Rate increases in the North American and International reinsurance markets are due to modest losses and poor results– not a hardening market, finds a report by Willis Re, the reinsurance arm of Willis Group Holdings, the global insurance broker.
The 1st View mid-year renewals report, entitled "Looks can be Deceiving", finds that despite headline figures forecasting rate increases, there is plentiful capacity in the market. The targeted underwriting approach taken by most reinsurers to manage, analyze and, in some cases, de-risk their portfolios, has been rewarded with differential pricing, the report finds. This approach has been welcomed by cedents, but does not support a generalized market hardening.

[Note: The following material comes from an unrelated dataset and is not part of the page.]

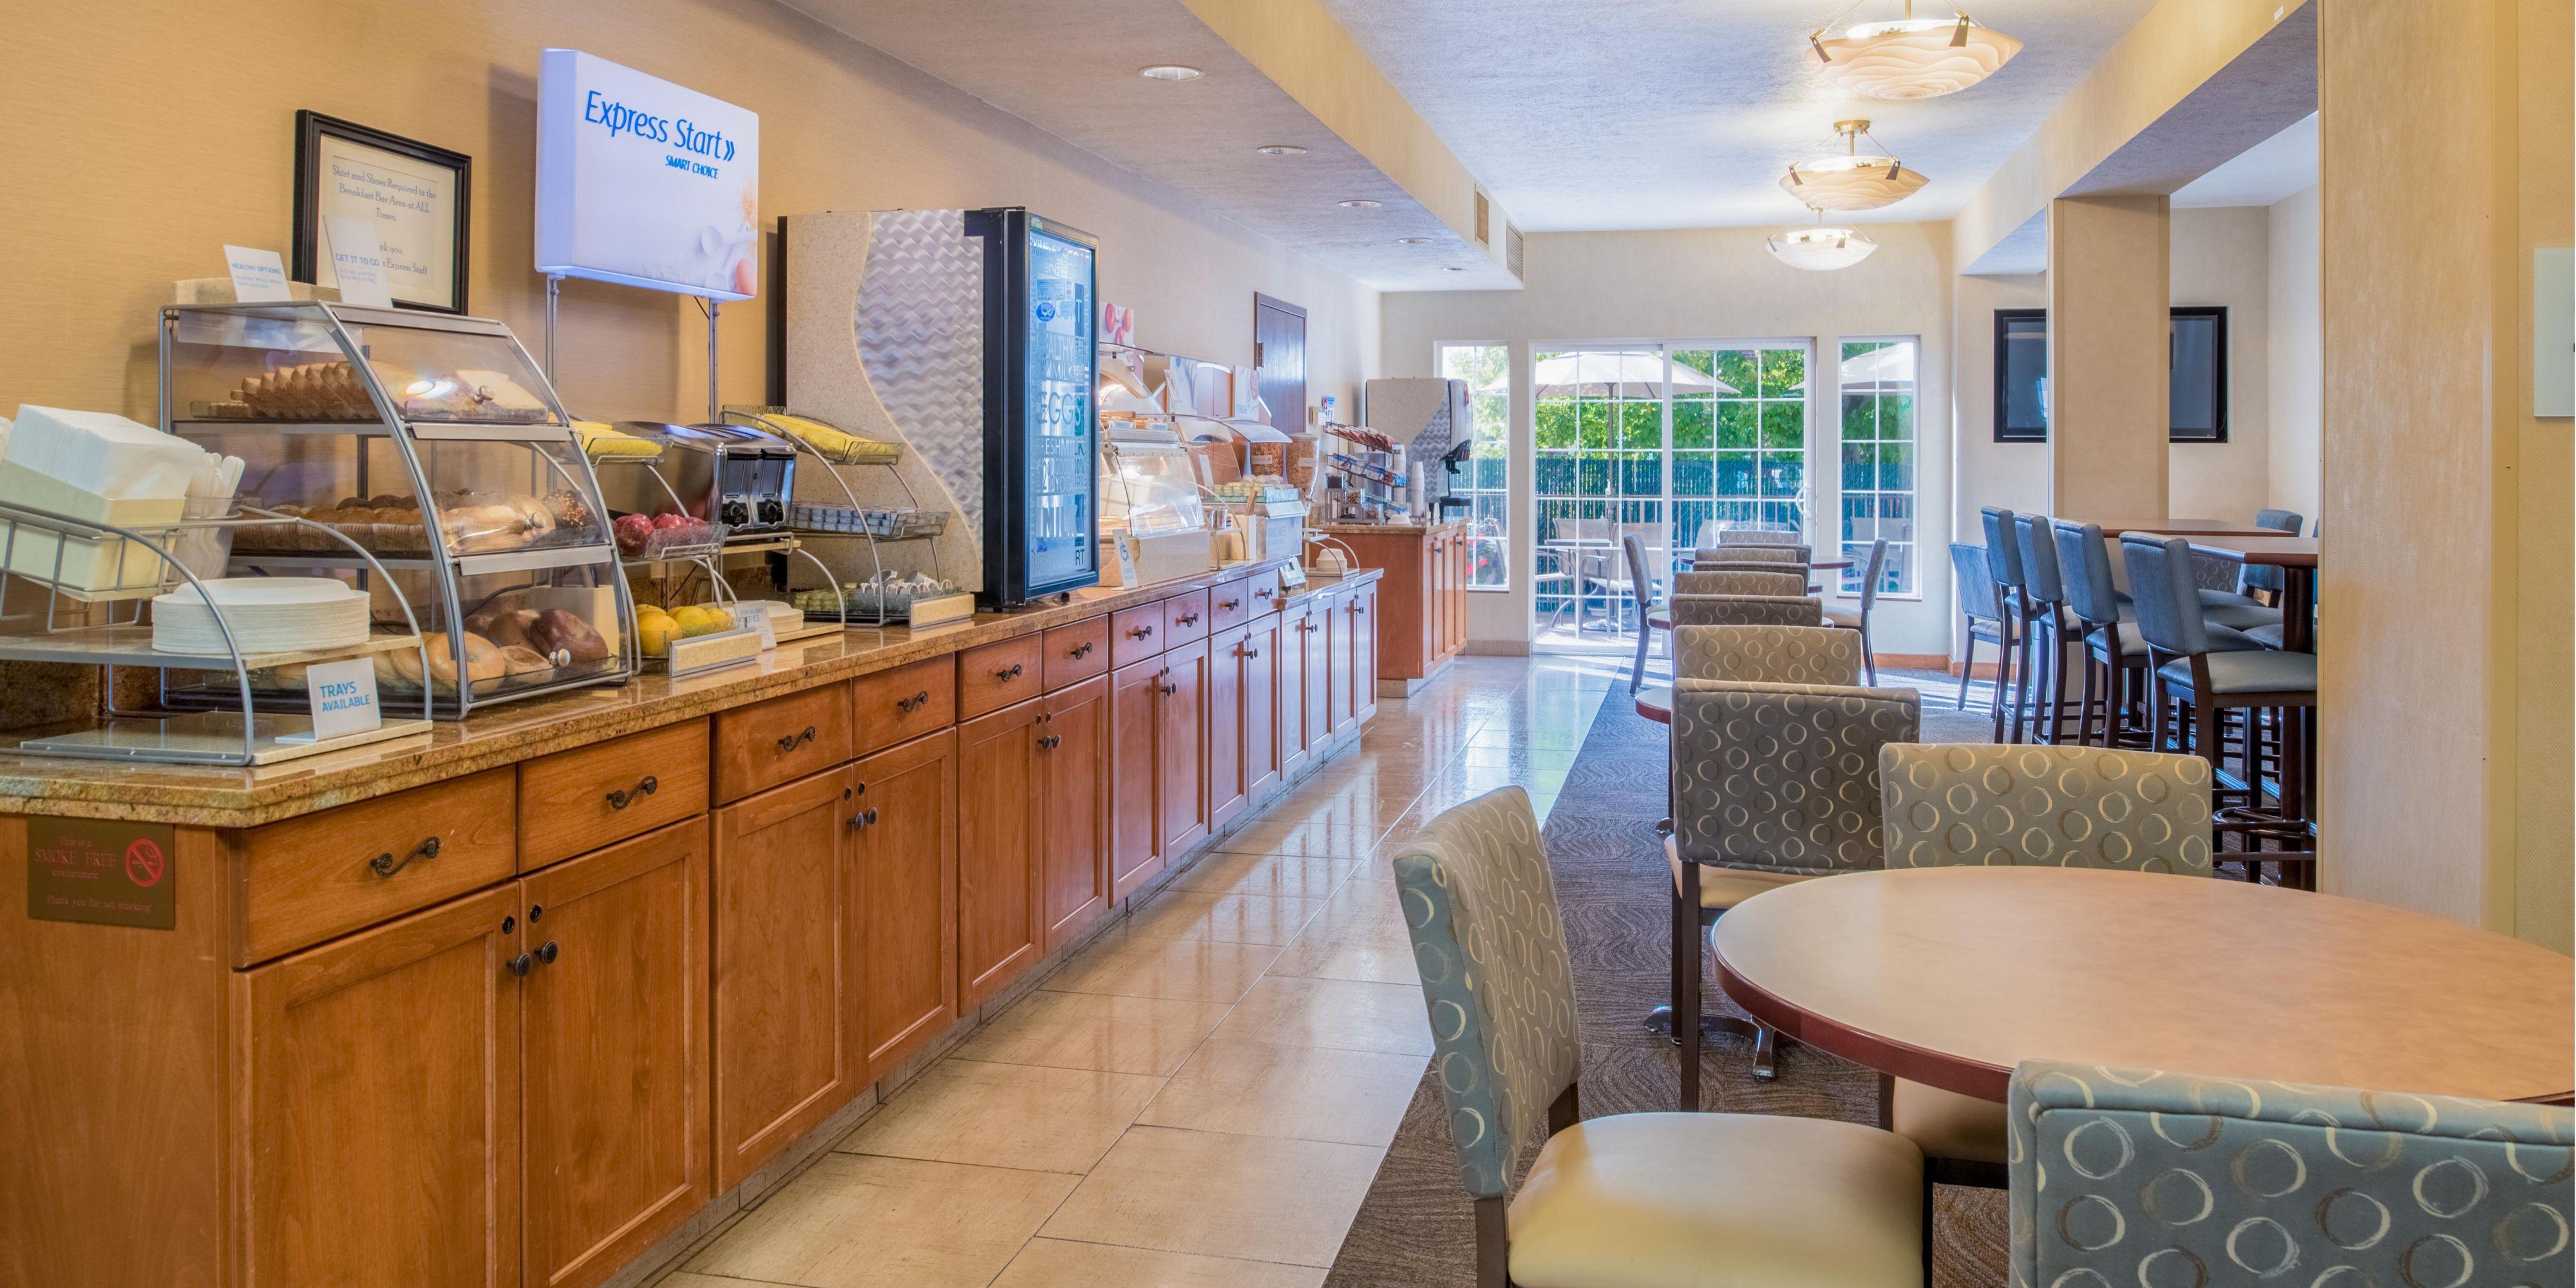 Holiday Inn Express Spokane 4220224427 2x1

“The reinsurance market is stable and orderly, but the reality is that it is not hardening,” says Peter Hearn, chairman of Willis Re. “In fact, some buyers with loss-free programmes, even in areas of peak exposure, have managed to obtain risk-adjusted rate reductions at the 1st June 1 and 1st July renewals.”
Although the report identifies model change and macro-economic factors as playing an “increasingly muted role”, Hearn acknowledges changing regulatory requirements and the challenges around investment income as significant industry trends.
“The impact of changes to vendor catastrophe models is becoming increasingly muted as the industry becomes more sophisticated,” he says. “Companies and Regulators realise that they cannot be too reliant on one model, and are instead blending models to show realistic possible outcomes.”
According to the report, most reinsurers’ satisfactory investment returns in 2011 were derived from capital gains arising from falling interest rates. There are concerns however, that once interest rates begin to rise, falling values of bond portfolios could result in potential investment losses for reinsurers.
Hearn comments that it is the impact of external economic factors that could eventually result in a hardening market. He says “Curiously, despite the fact this scenario is well known and widely discussed in industry circles, pricing on longer tail classes remains soft despite these warning signs to reinsurers’ balance sheets. The eventual increase in interest rates, coupled with an increase in inflation, could potentially trigger a hard market ahead of significant loss events.”